The Tennessee Coalition for Open Government alleged on Monday that members of the Hamilton County government destroyed public records to keep them away from members of the media.
In a new column, the TCOG specifically cited Hamilton County Attorney Rheubin Taylor.
Taylor, the TCOG went on to say, refused to allow inspection of its responses to public records requests without the Chattanooga Times Free Press paying a more than $700 fee. Taylor’s office later got permission to destroy the requested records, even as the newspaper continued to press to see them, said TCOG Executive Director Deborah Fisher.
Taylor did not respond to The Tennessee Star’s repeated requests for comment Monday.
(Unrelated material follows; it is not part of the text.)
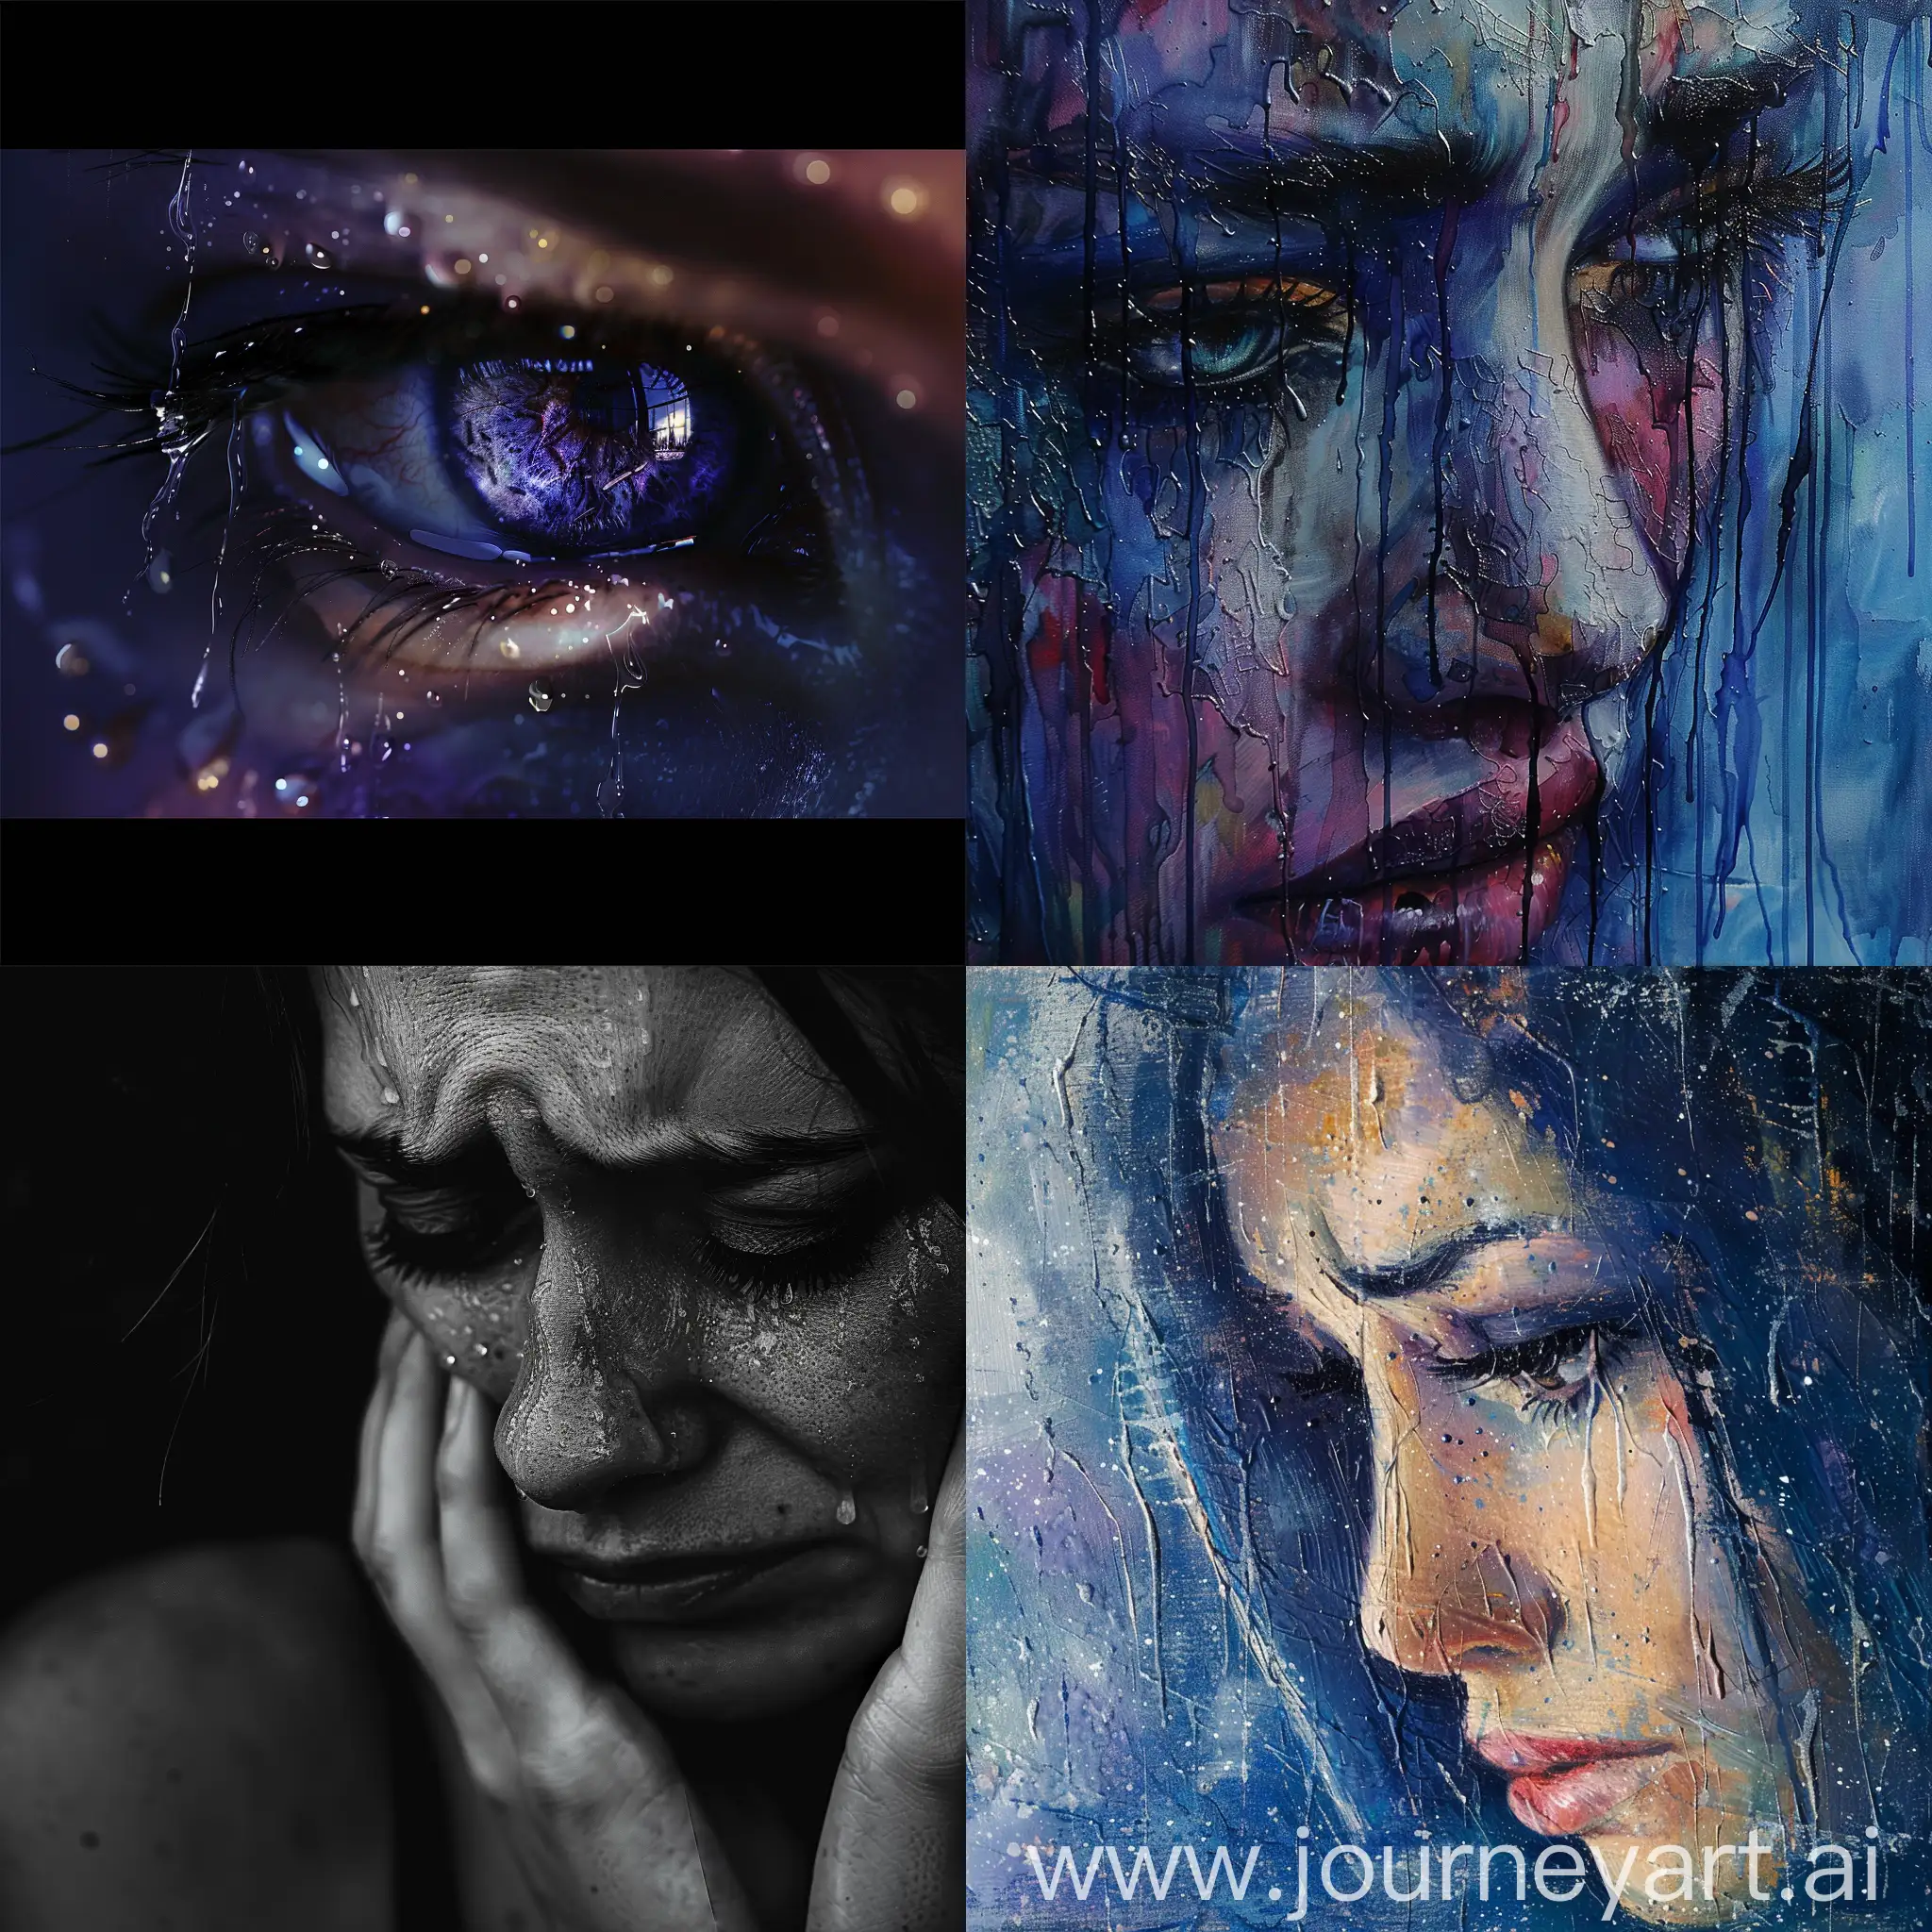 Create an image for the following quote: Remember, it's okay to cry; it's a way of letting out the pain.

No one at County Mayor Jim Coppinger’s office responded to our requests either.
Only one of the nine county commissioners, Sabrena Smedley, responded to our request to speak Monday.
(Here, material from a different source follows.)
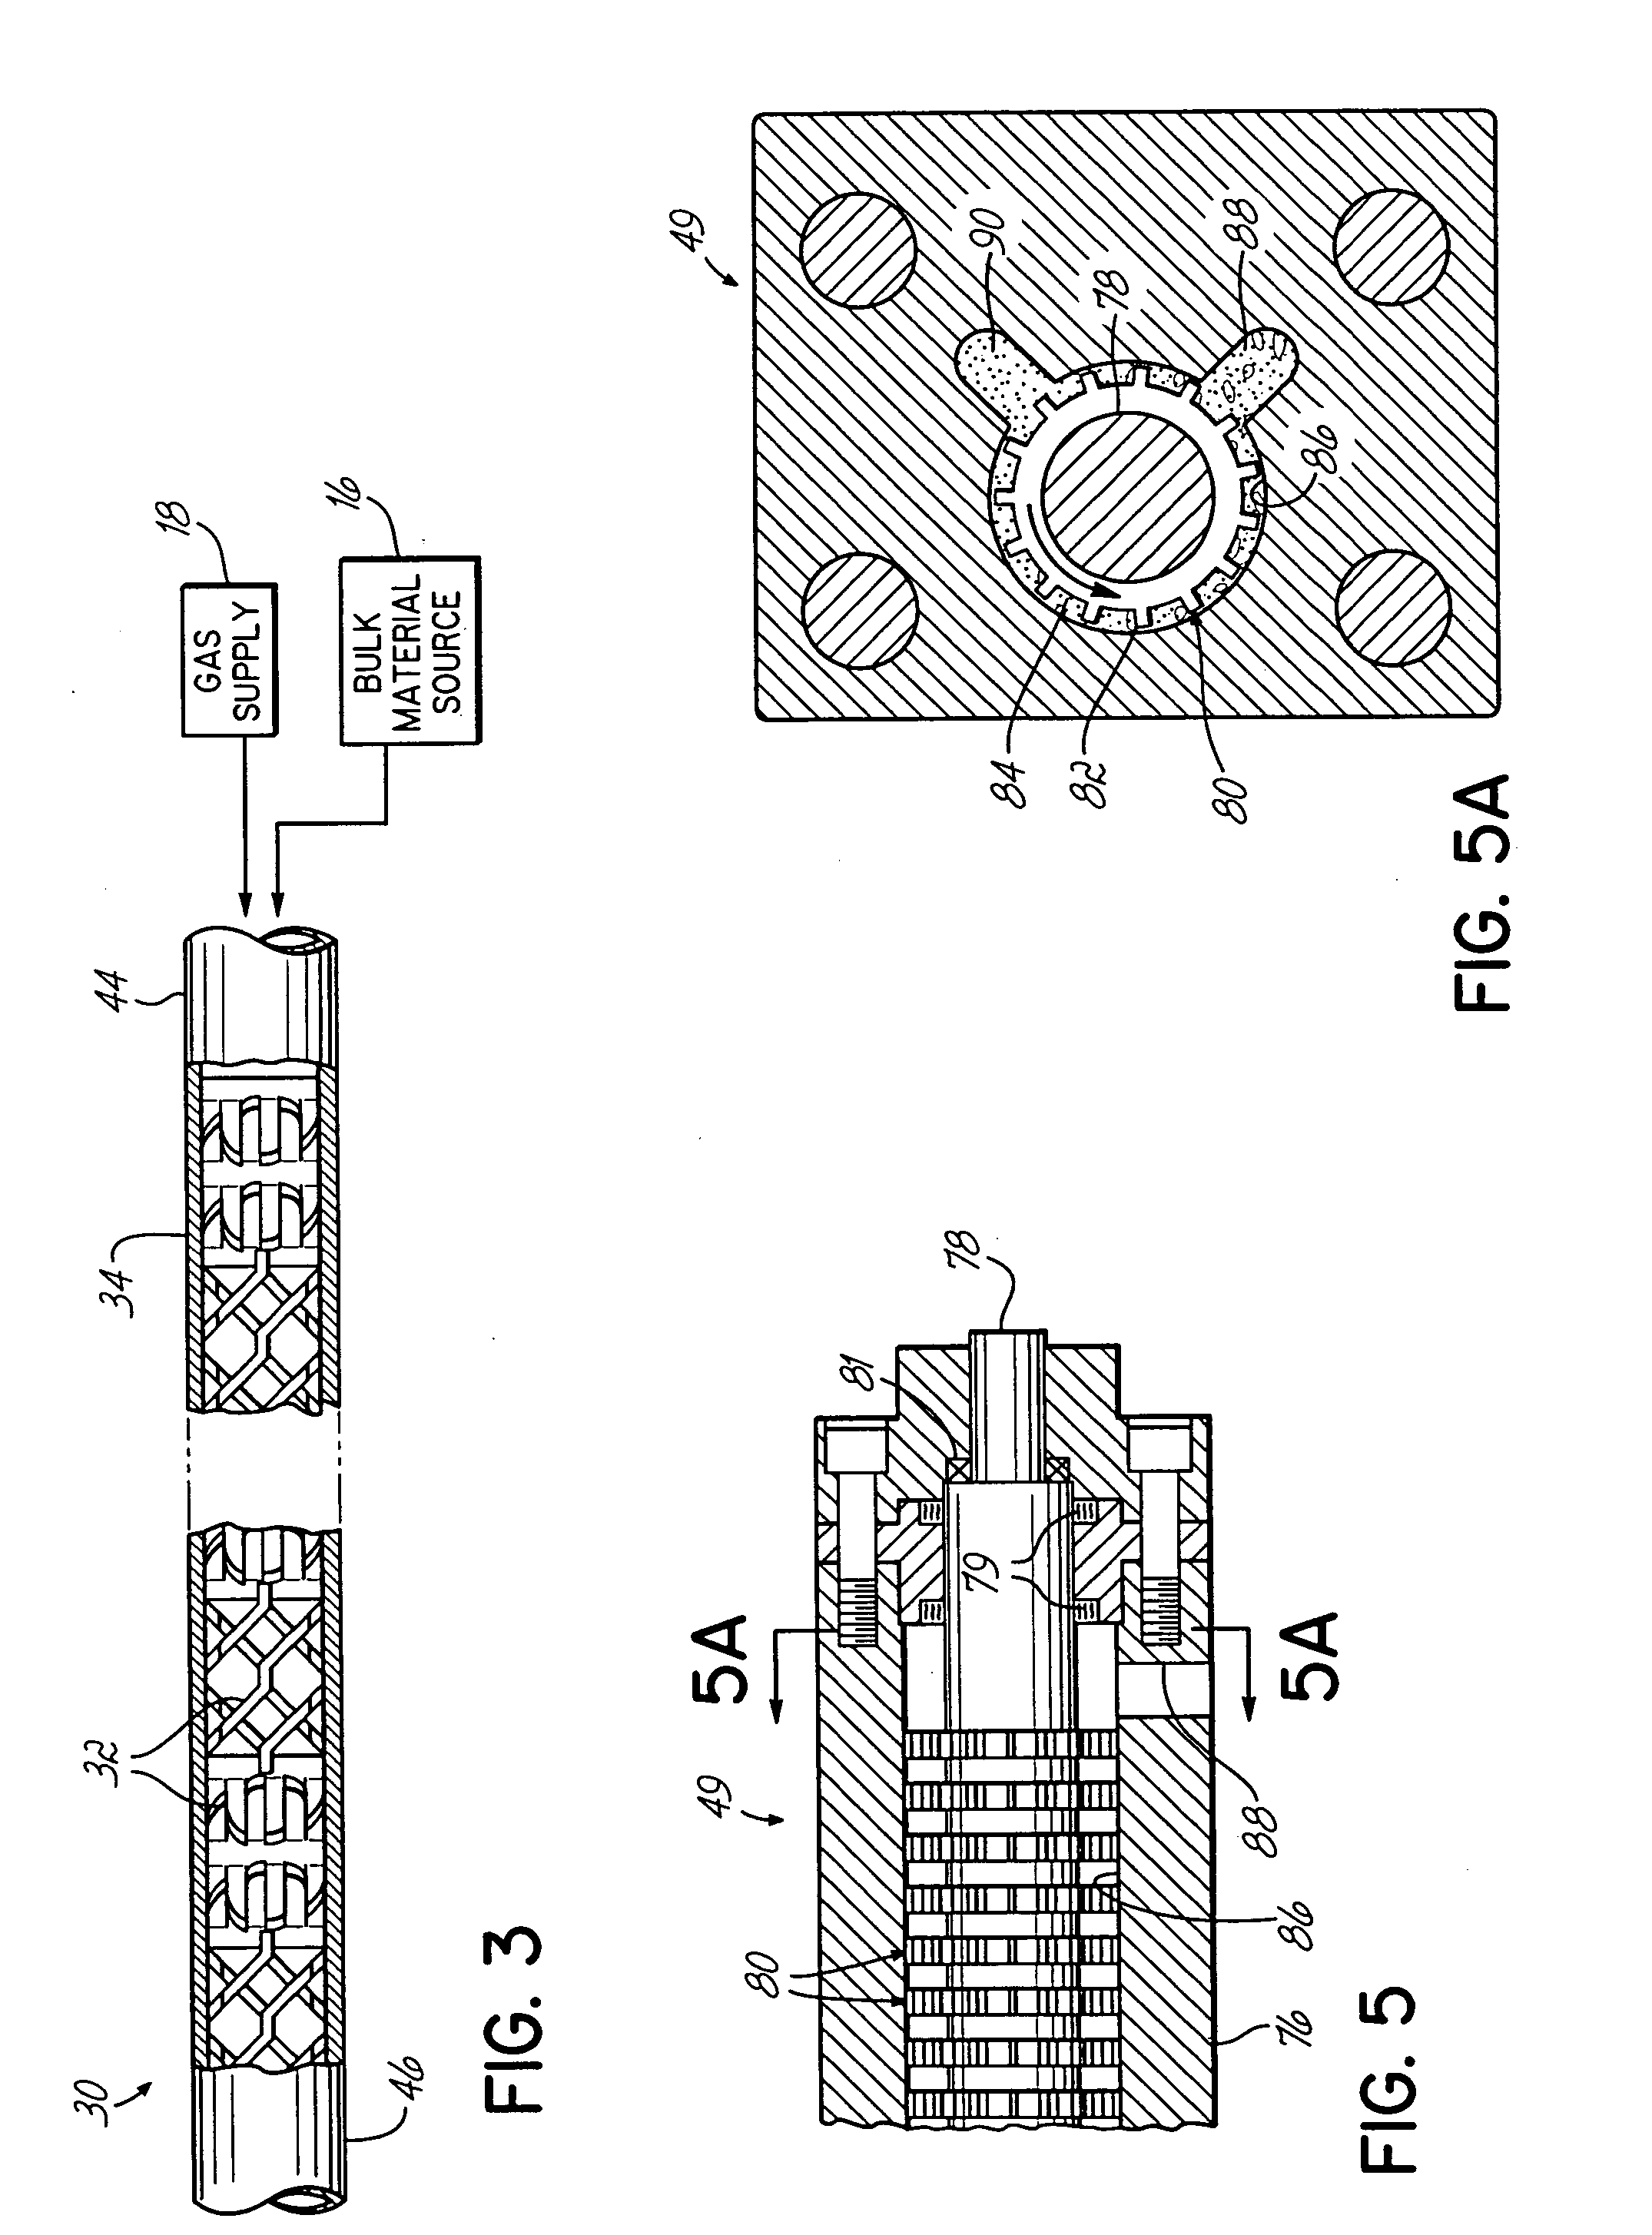 Method and apparatus for producing closed cell foam

Smedley said she and her colleagues on the commission never granted permission to Taylor to destroy those records.
“It’s my understanding there is a public records commission, and they are the ones that voted on this issue, but I don’t know what all happened. I was told the actual records were not destroyed, just copies they had made to give the media,” Smedley said.
“If there had been actual records destroyed then I would be extremely concerned, but I need to know that that is actually what happened because I am hearing conflicting stories. I just really want to know whether the records were destroyed. Yes or no?”
Smedley said she plans to talk to Taylor about this matter before the next scheduled county commission meeting.
Fisher, speaking for the TCOG, said a Times Free Press reporter wanted to “inspect all public records requests and responses to those requests for the previous 12 months from the Hamilton County Attorney’s Office.”
“Though the newspaper was only requesting to see the public records requests and written responses for the parts of county government handled by the county attorney’s office, the county attorney’s office said the newspaper would have to pay $717 in advance to compile and print the records to make them available for inspection,” Fisher wrote.
“The newspaper balked. It only asked to inspect records, not get copies. And under the law, no charges could be levied for inspection. The newspaper had advisory opinions from the state Office of Open Records Counsel to back it up. The county attorney’s office was unswayed by the newspaper’s protestations.”
Last October, Fisher went on to say, members of the Hamilton County Public Records Commission went along with a resolution that sought permission to destroy public records’ requests and responses after 30 days.
“A few months pass, and newspaper executives began to get involved in the stymied request, including meeting with county officials to press their case. They were unaware then that the county attorney’s office had gotten permission to destroy the very records they had been requesting,” Fisher wrote.
“On Jan. 21, Beltramo responded and shared for the first time that, actually, the requests and written responses to the requests had been destroyed.”